3. Cycles of Gradient Descent Steps

while f_change > 1e-10 and iter_num < 1000:
    iter_num += 1
    prex1 = x1
    prex2 = x2
    x1 = x1 - alpha * hx2(prex1, prex2)
    x2 = x2 - alpha * hy2(prex1, prex2)
  
    tmp = f2(x1, x2)
    f_change = np.abs(f_current - tmp)
    f_current = tmp
    GD_X1.append(x1)
    GD_X2.append(x2)
    GD_Y.append(f_current)
  
print(u"The final result is: (%.3f, %.3f, %.3f)" % (x1, x2, f_current))
print(u"Number of iterations:%d" % iter_num)

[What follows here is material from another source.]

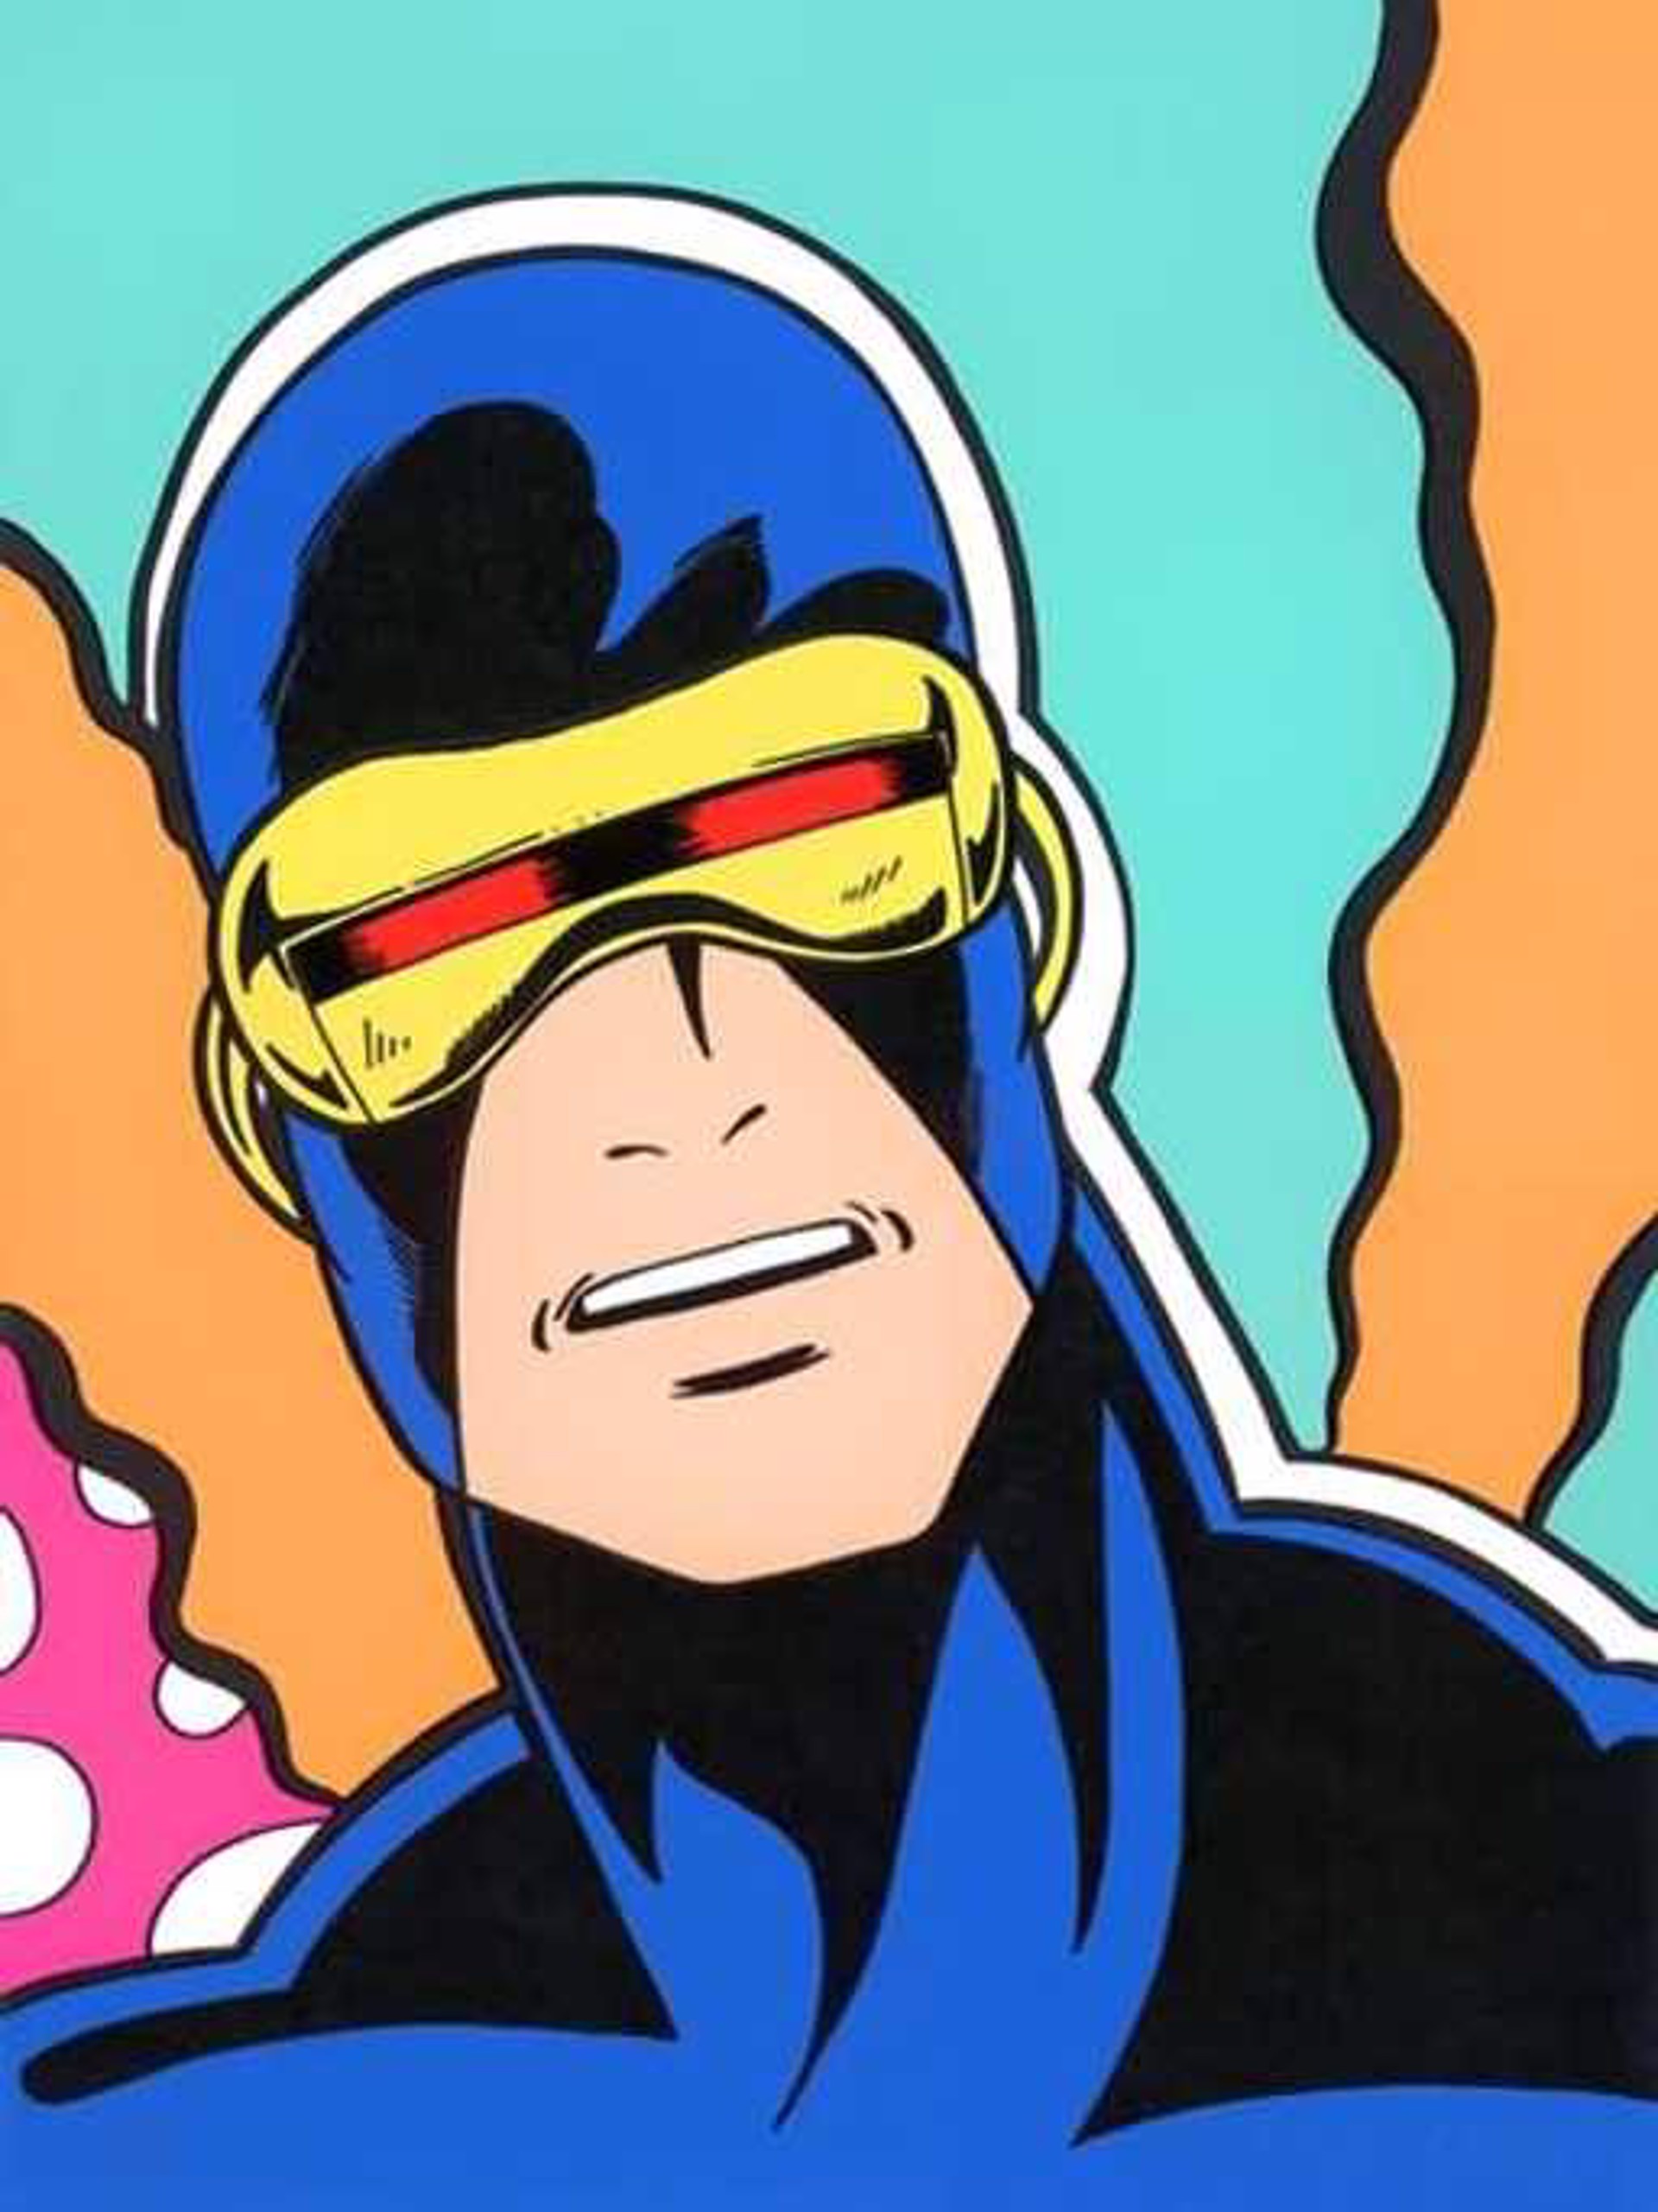 X-Men (Cyclops) by John "Crash" Matos

The logic here is basically the same as for unary functions. For each x, the corresponding partial derivative is multiplied by the learning rate to obtain a new value of x. The same is true for multivariate functions with more than two variables.
The result of the operation is:

drawing

X1 = np.arange(-5, 5, 0.2)
X2 = np.arange(-5, 5, 0.2)
X1, X2 = np.meshgrid(X1, X2)
Y = np.array(list(map(lambda t: f2(t[0], t[1]), zip(X1.flatten(), X2.flatten()))))
Y.shape = X1.shape

fig = plt.figure(facecolor='w')
ax = Axes3D(fig)
ax.plot_surface(X1, X2, Y, rstride=1, cstride=1, cmap=plt.cm.jet, alpha=0.8)
ax.plot(GD_X1, GD_X2, GD_Y, 'ko-')
ax.set_xlabel('x')
ax.set_ylabel('y')
ax.set_zlabel('z')
plt. show()

For 3D data, we used meshgrid to construct a plotting grid for plotting function graphs. After drawing the function image, draw the image of each step of gradient descent. When drawing a line chart, ko- represents black, dots, and dotted lines.
(It is recommended to set the 3D image to be displayed separately, so that it is convenient to drag the viewing angle to view)

In fact, there are many types of gradient descent, such as stochastic gradient descent, batch gradient descent, and small batch gradient descent. These will be explained in the next blog.